Data listing:
#####

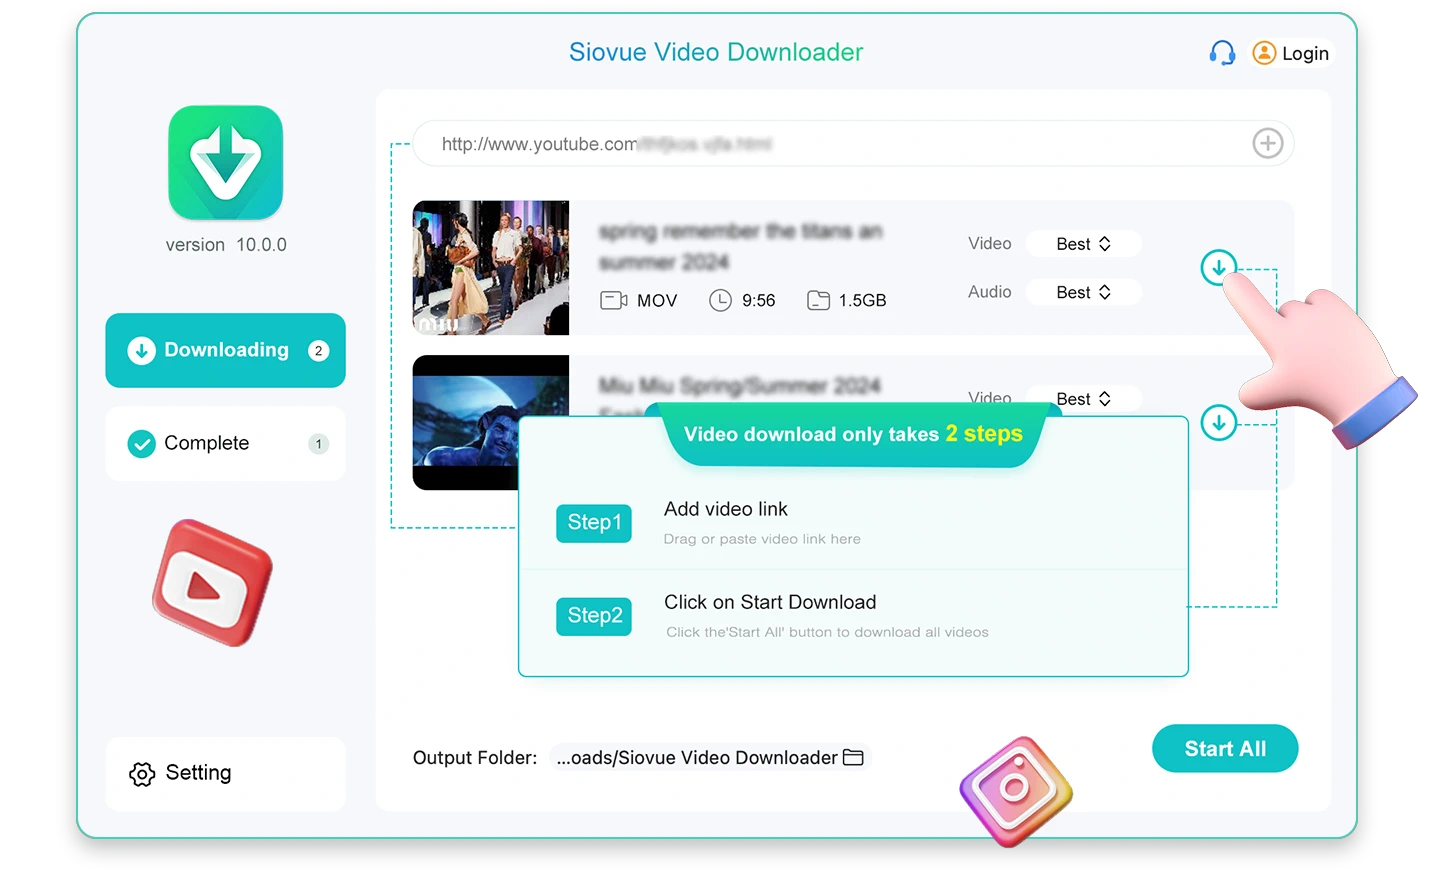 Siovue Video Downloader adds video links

#####

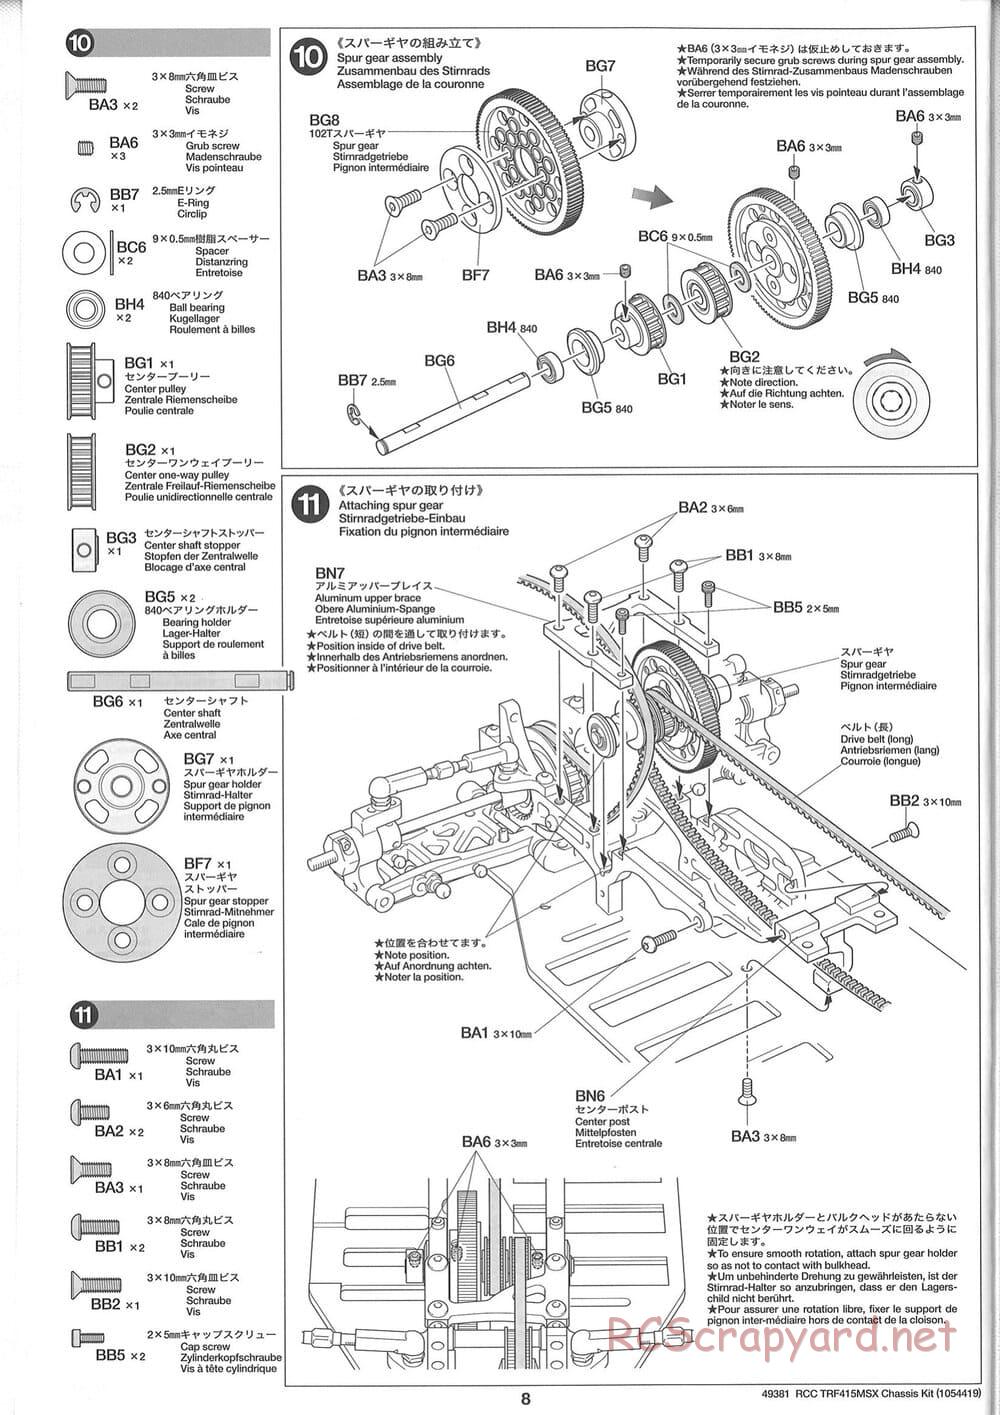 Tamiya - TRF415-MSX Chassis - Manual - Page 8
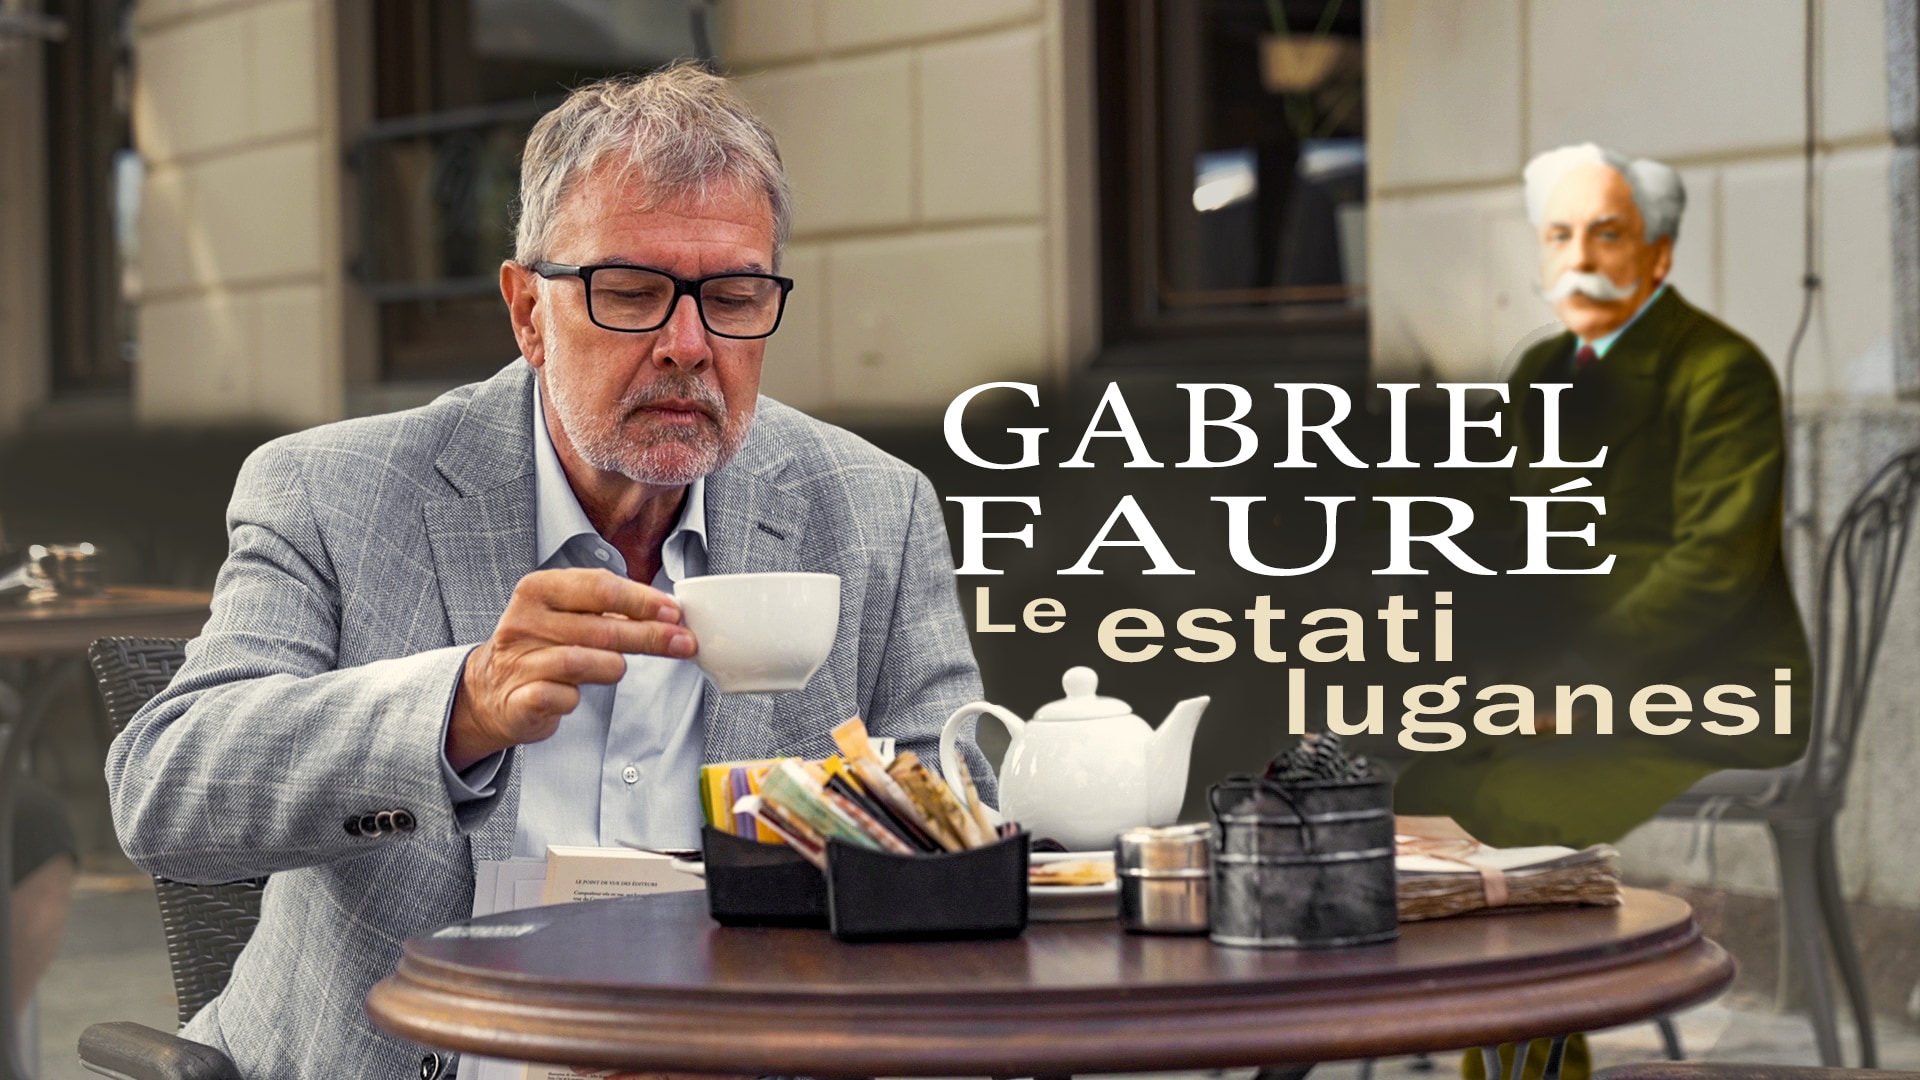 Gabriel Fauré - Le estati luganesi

#####

Exact repeat of the material above: every line from the one with "Tamiya - TRF415-MSX" through the one with "Gabriel Fauré - Le estati luganesi", endpoints included, and nothing more. No pictures.

 Tamiya - TRF415-MSX Chassis - Manual - Page 8
 Gabriel Fauré - Le estati luganesi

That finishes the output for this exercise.